Geen categorie

Will RWD break down the barriers in clinical data processing?

When I started to work in clinical research, 25 years ago, there was already a barrier between data collection, data management and data analysis. The interaction between data management occurred after the data was collected and the interaction between data analysts and data management was the clean data statement. Data collection and data analysis were not interacting at all. Nowadays this way of working still exists. Data collection, management and analysis are performed by different people. The level of communication between these different groups varies between companies. When I tell people the mission of ClinLine is improving efficiency in clinical data processing, I often hear that people involved in the clinical data process are not aware of what other departments are doing while they are working in the same process. In many companies, people collecting and cleaning the data have no interaction with the people who are analysing and reporting the data.

Is that efficient? Yes and no. Yes, because people can focus on their own tasks and are not troubled by all kinds of additional explanations, requests or changes. The tasks are standardised and as long as the data analysts are involved in the study set-up, the study will likely be performed as required. However, when people do not understand the challenges that the other departments face, there will an efficiency loss to some extend, . For example, what does the data analyst know of the challenges during data collection. What to do when data is invalid or unavailable at collection time? What to do when the answer cannot be entered into the eCRF? How to handle text entries? The data collection people decide what data is valid to use and the data manager, afterwards, decides whether the data seems right for analysis. However, all the choices that are made during collection and data management might have an effect on the final analysis results.

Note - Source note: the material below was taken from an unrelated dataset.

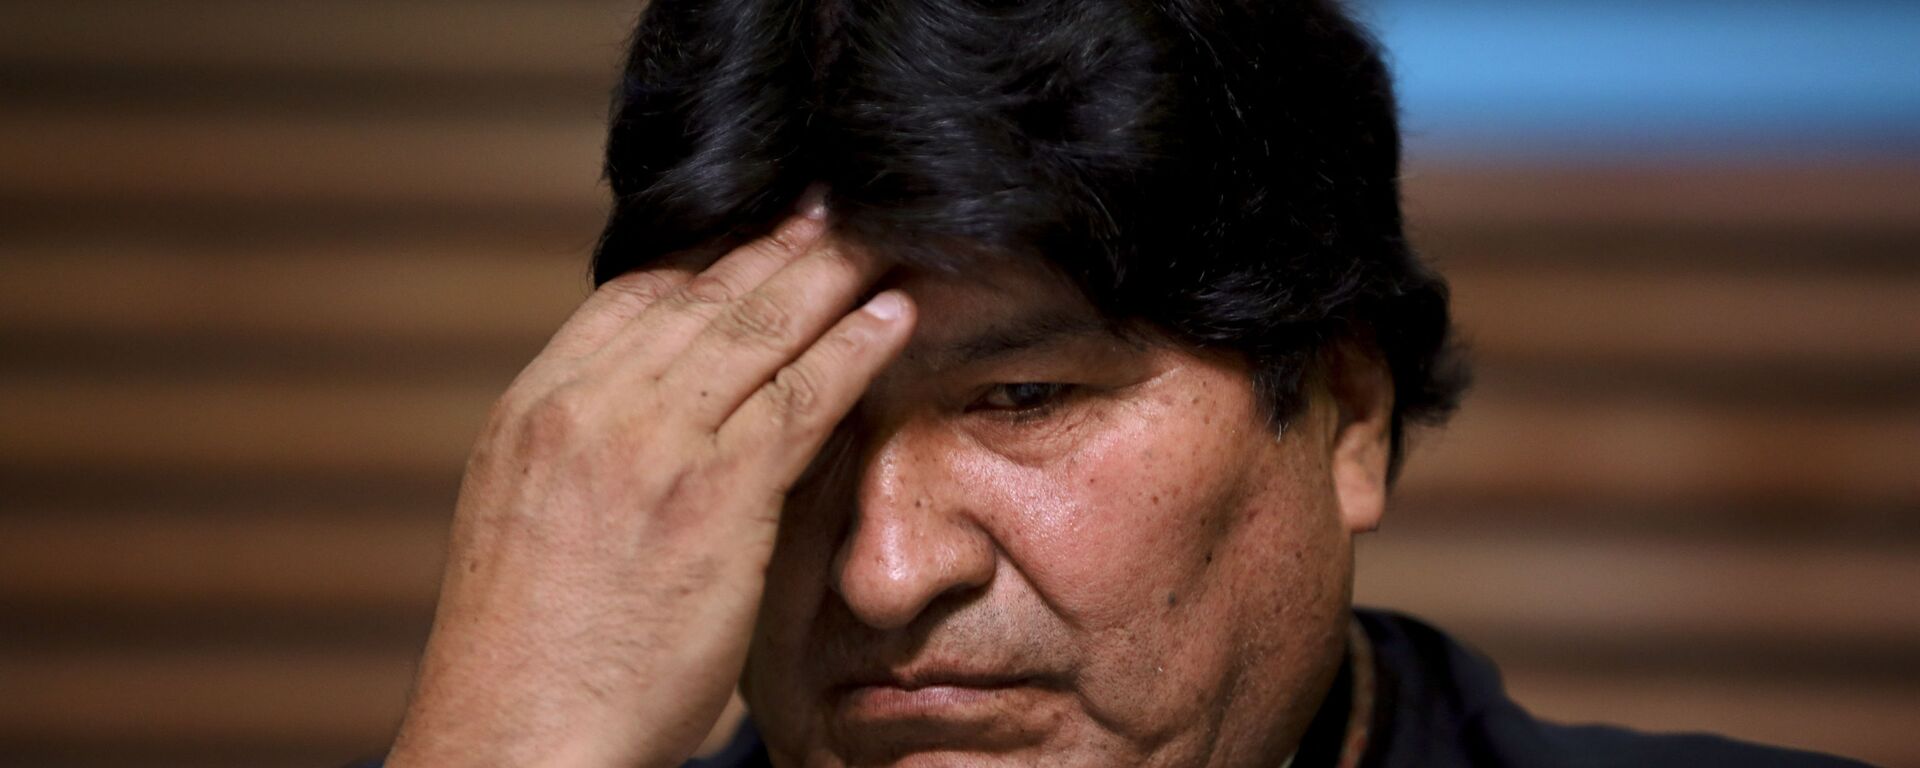 Evo Morales, expresidente de Bolivia - Sputnik Mundo, 1920, 20.01.2021

These challenges are much bigger when real world data (RWD) is used for clinical trials. The efficient way to use this data directly for clinical research is to have a direct link between the patients’ health records and the clinical database without human interaction. After signing the informed consent, the required data will then be transferred to the clinical study database.

However, electronic health record systems are not designed for clinical studies and data is entered by physicians, only because they need to do it because of regulations or because of their own interests. The physician already loses too much time in entering all the data during patient visits, so they are not likely to add entries they think are unnecessary. In addition, depending on the system they use, they will enter a lot of information in free text fields, because that is easier. It requires good text mining techniques to be able to use this additional data which contains often a lot of valuable information.

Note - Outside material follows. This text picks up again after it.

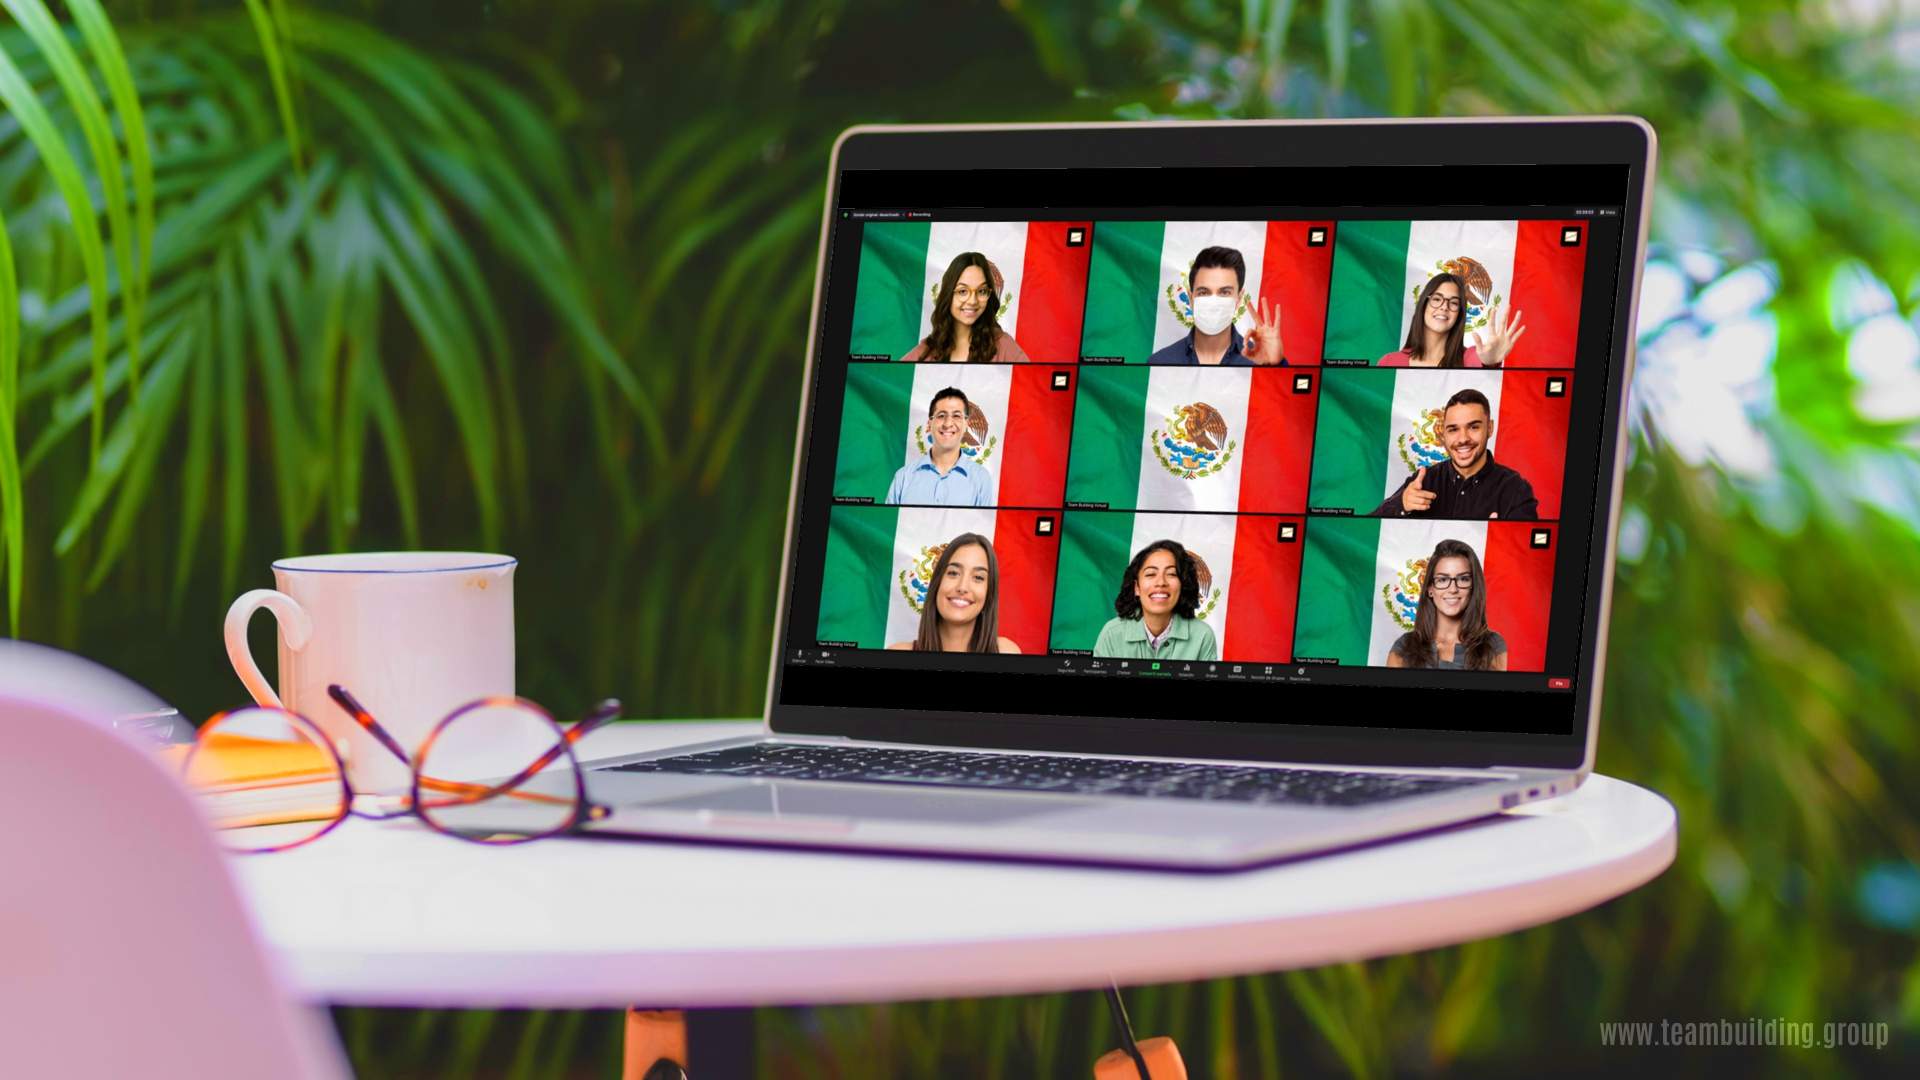 México Team Building, programas corporativos online y presenciales para desarrollar las nuevas habilidades de tus equipos de trabajo remotos frente a los cambios

There are big differences between the various information systems that are used in clinical practice. But also will different groups of physicians, for example working in different hospitals, have different protocols which has an effect on where and how well they register their data. We need a thorough understanding of the registration processes and the systems they use to be able to efficiently and correctly use their data for research.

It is impossible to standardize all the data that might be needed for research beforehand. It is also impossible to make the right choices in data selection and data enrichment without a deep understanding of the challenges and choices that are made for the specific study analysis. Therefore, before a study starts an anonymous review of the necessary data and possibly available data will give insight in most of the challenges and corresponding solutions. These have to be discussed and handled beforehand in cooperation with those who select, enrich and analyse the data. Most of the issues are then solved beforehand and in addition alerts are to be specified to identify any new issues.

So, when using real world data, the process will change from data collection, data management and data analysis towards data selection, data enrichment and data analysis whereby the interaction between people performing these activities will have to be optimal to get an efficient and fast clinical study data process. Then the barriers need to go down and close cooperation will improve the efficiency in the total clinical data process.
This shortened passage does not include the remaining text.